Así que me tragué el opio. No creo que hubiera bastante como para perjudicarme, y como además el señor de Sainte-Croix se abalanzó sobre mí, más de la mitad se cayó al suelo. Todo el mundo se asustó. Me hicieron tomar ácidos para contrarrestar el efecto del opio. Hice todo lo que me pidieron con docilidad, no porque tuviese miedo, sino porque habrían insistido, y me habría resultado molesto resistirme. Cuando digo que no tenía miedo, no es porque supiese que había poco peligro. Yo no conocía en absoluto los efectos que producía el opio, y me los imaginaba mucho más terribles. Pero de acuerdo con mi dilema, me era completamente indiferente el resultado. No obstante, mi docilidad en dejarme suministrar todo aquello que podía impedir el efecto de lo que acababa de hacer, debió de persuadir a los espectadores de que aquella tragedia no tenía nada de serio.

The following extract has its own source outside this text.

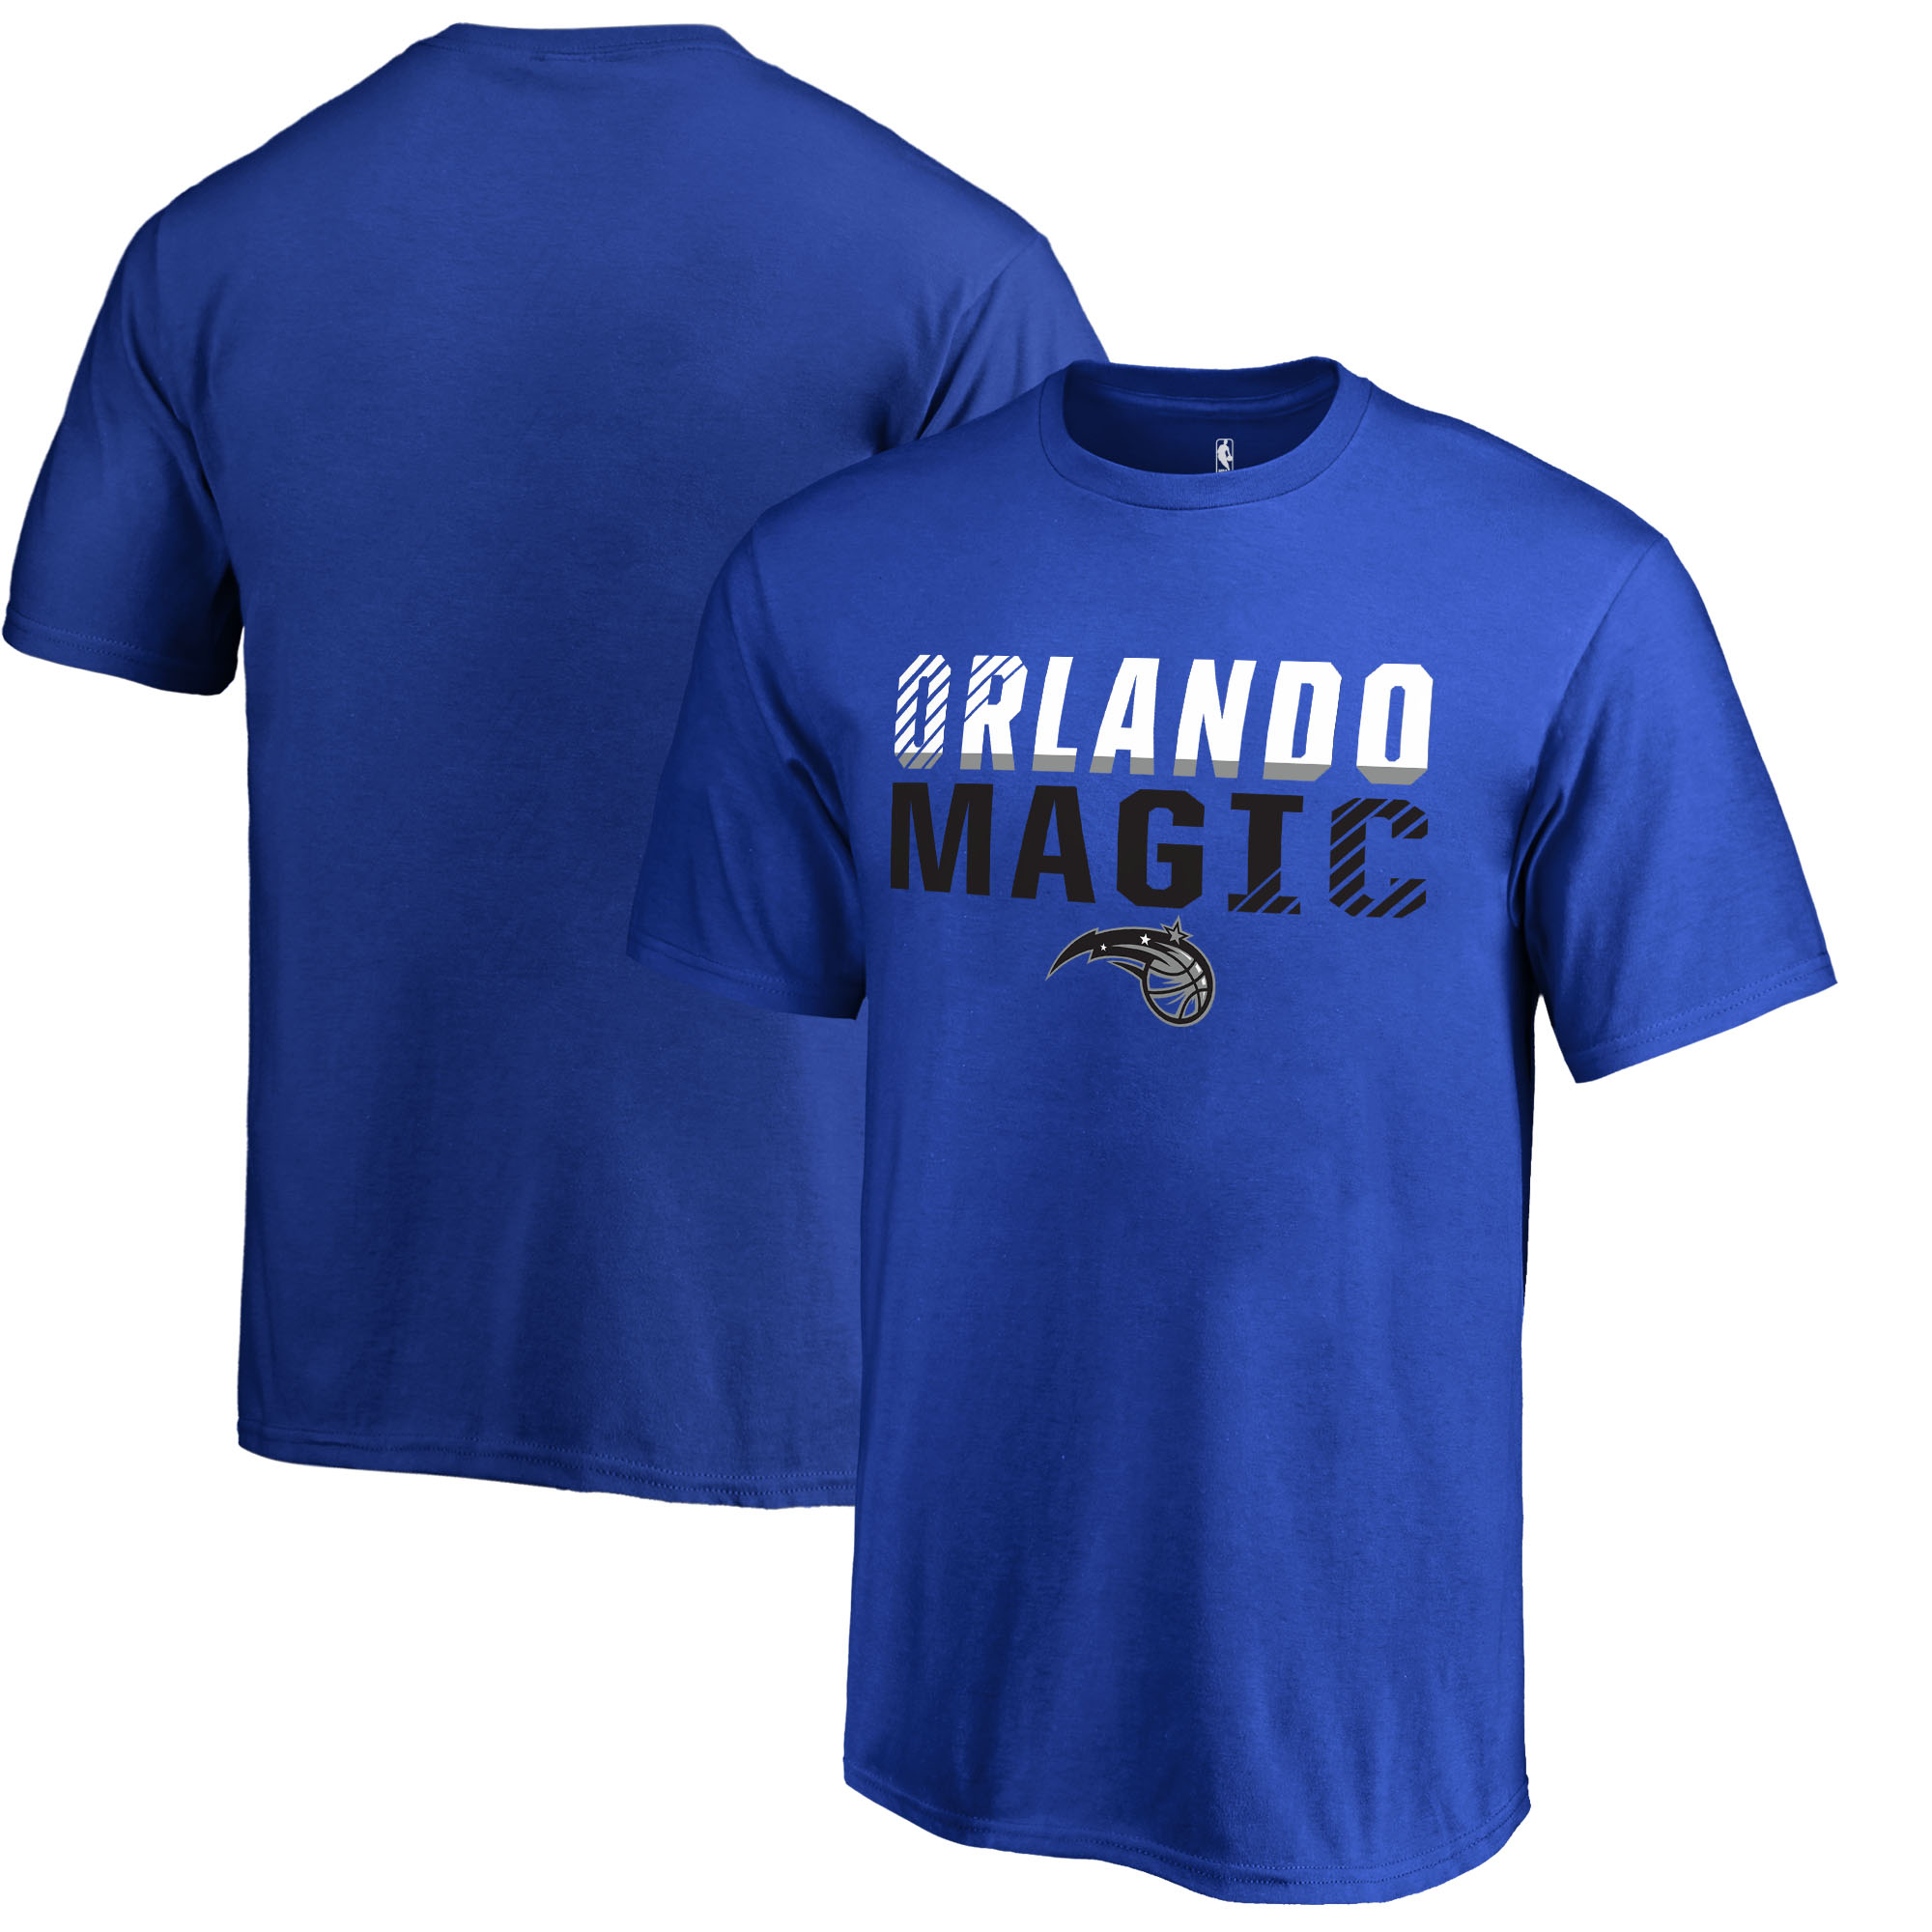 Orlando Magic Fanatics Branded Youth Fade Out T-Shirt - Blue
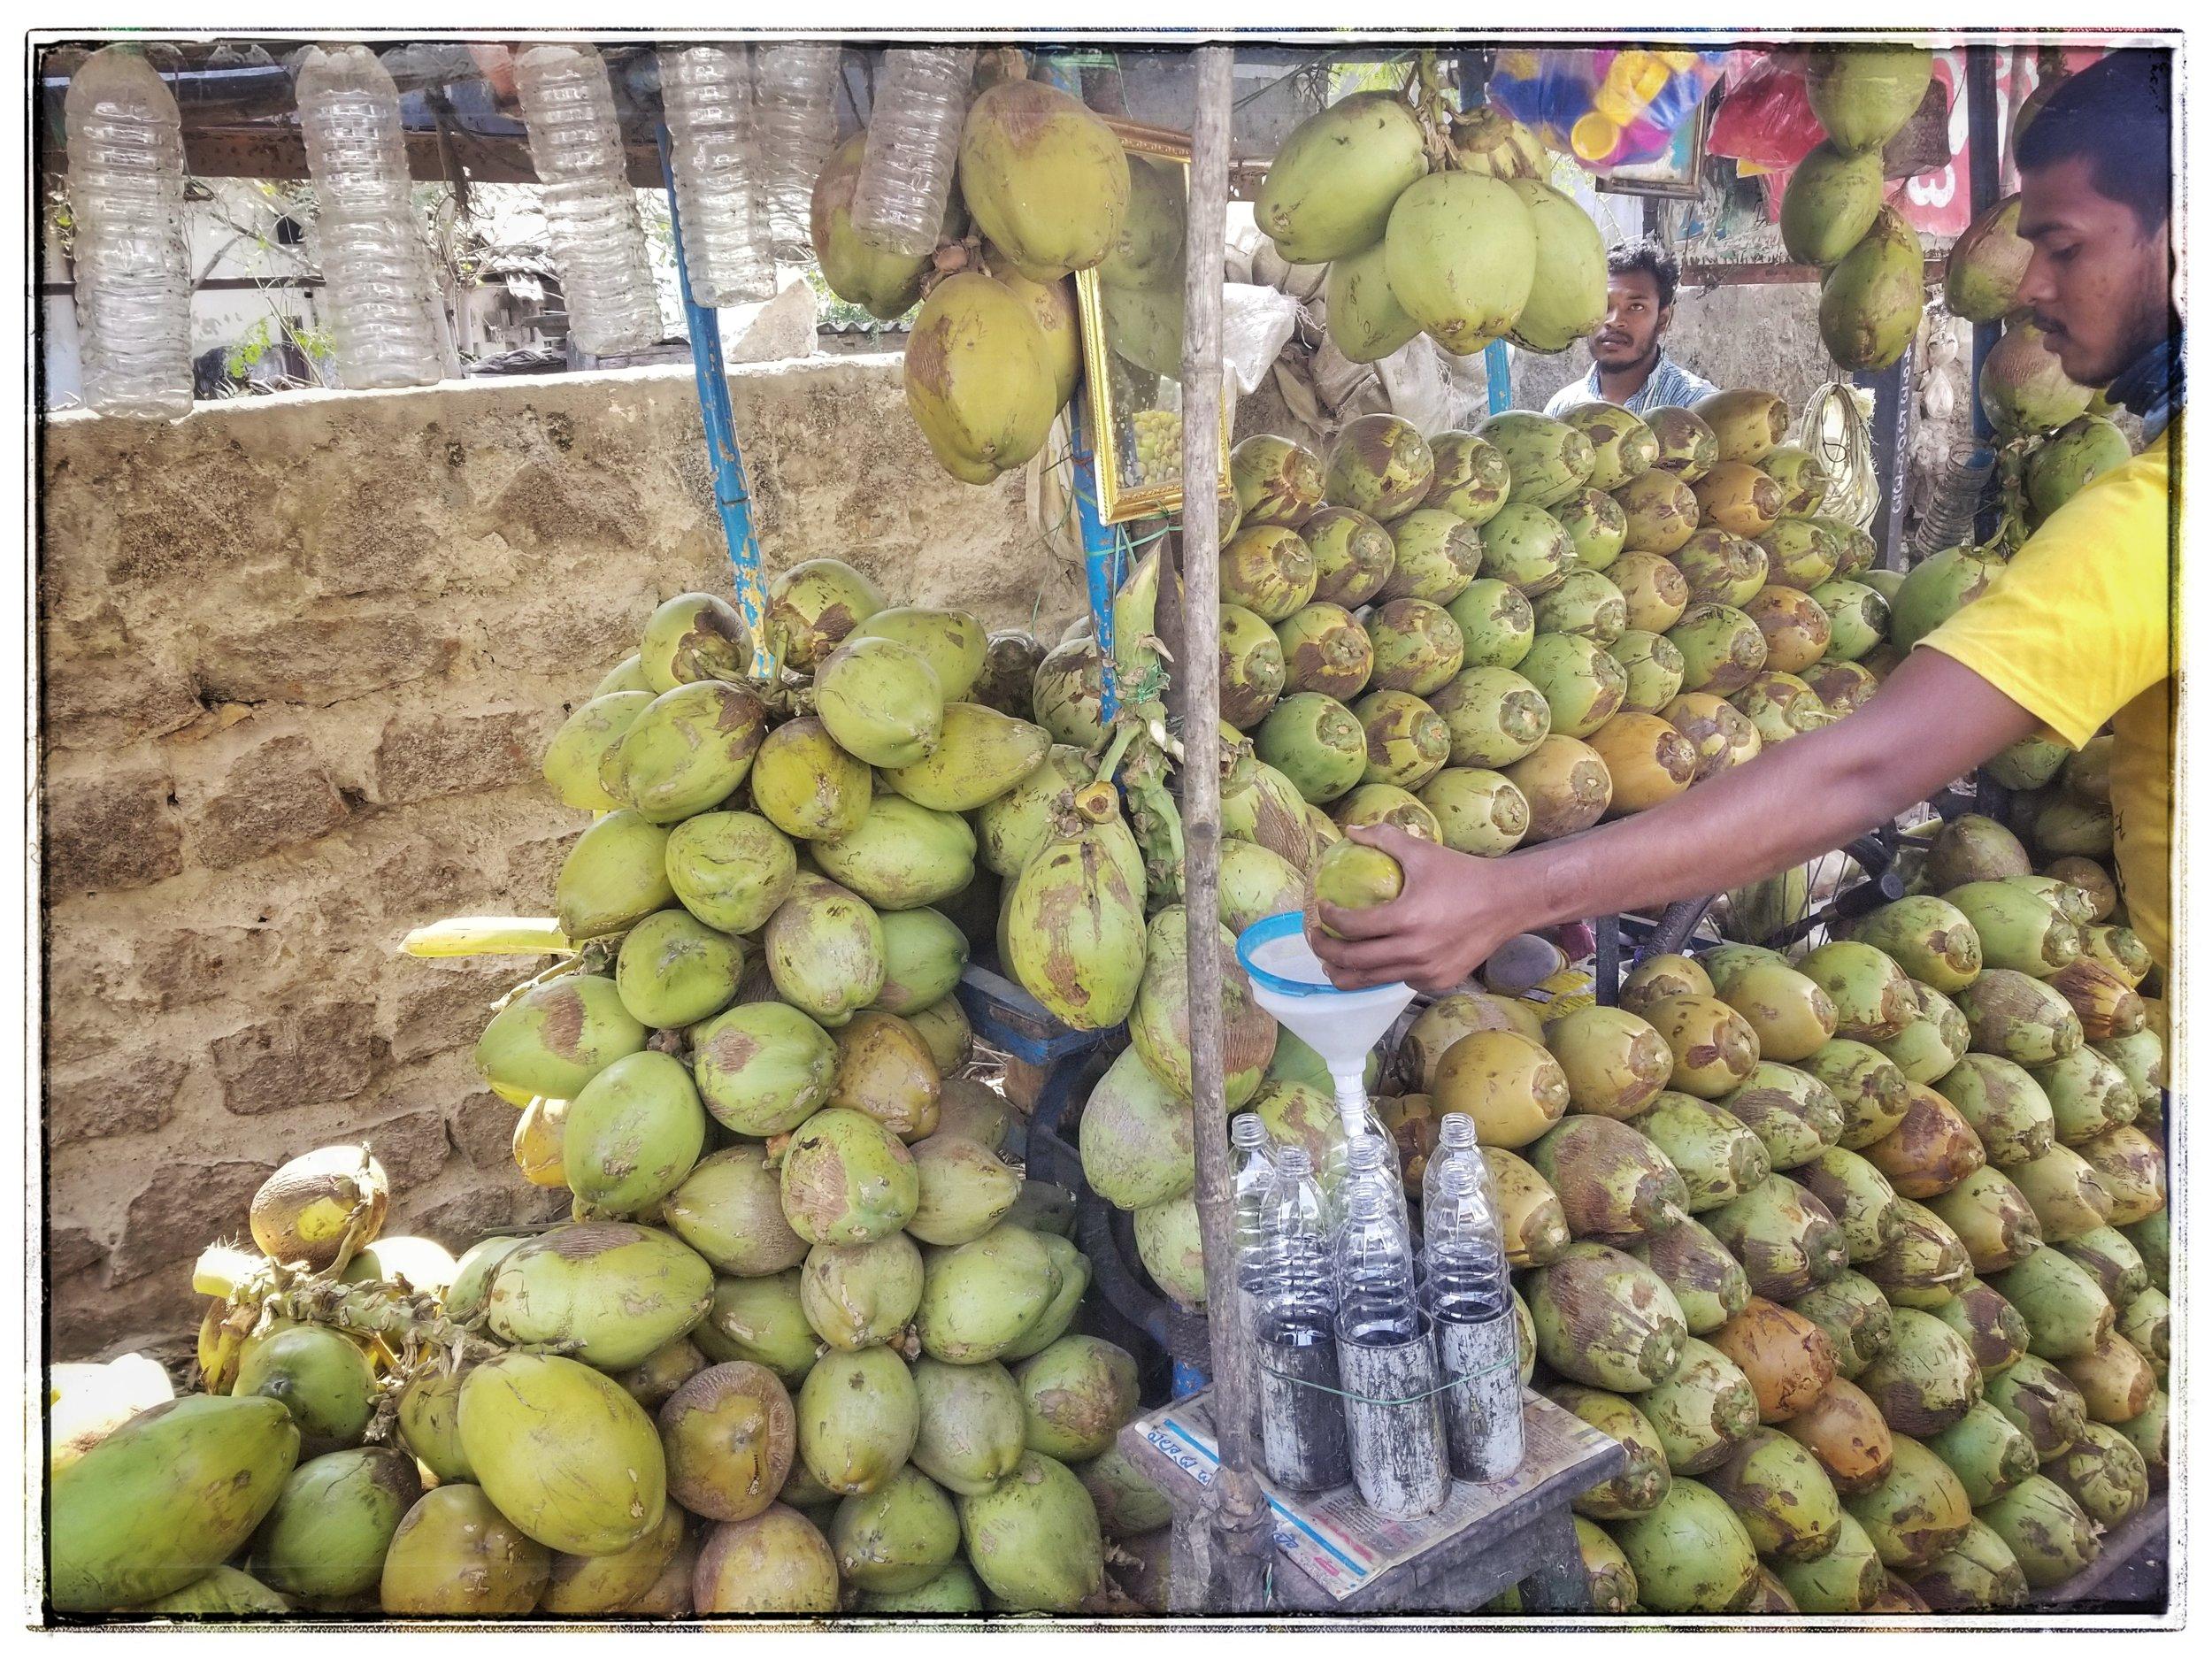 Street vendor making coconut water.

No ha sido la única vez en mi vida que, después de un acto grandioso, me ha fastidiado de repente la solemnidad que habría sido necesaria para mantenerlo, y por puro aburrimiento he deshecho mi propia obra. Después de administrarme todos los remedios que se pensó útiles, se me soltó un pequeño sermón, medio compasivo, medio doctoral, que escuché con aire compungido; Mademoiselle Pourras apareció, pues no estaba presente mientras yo hacía todas aquellas locuras por ella, y tuve la inconsecuente delicadeza de secundar a su madre en sus esfuerzos para que la hija no se diera cuenta de nada. Mademoiselle Pourras iba arreglada para la ópera, donde estrenaban Tarare, de Beaumarchais. Madame Pourras me propuso acompañarlas y acepté, de modo que mi envenenamiento terminó, para que todo acabara siendo tragicómico en aquel asunto, con una velada en la ópera. Estuve incluso muy alegre, ya fuera porque el opio había producido en mí aquel efecto, o, cosa que me parece más probable, porque  quisiese olvidar todo lo lúgubre que había pasado y necesitase divertirme».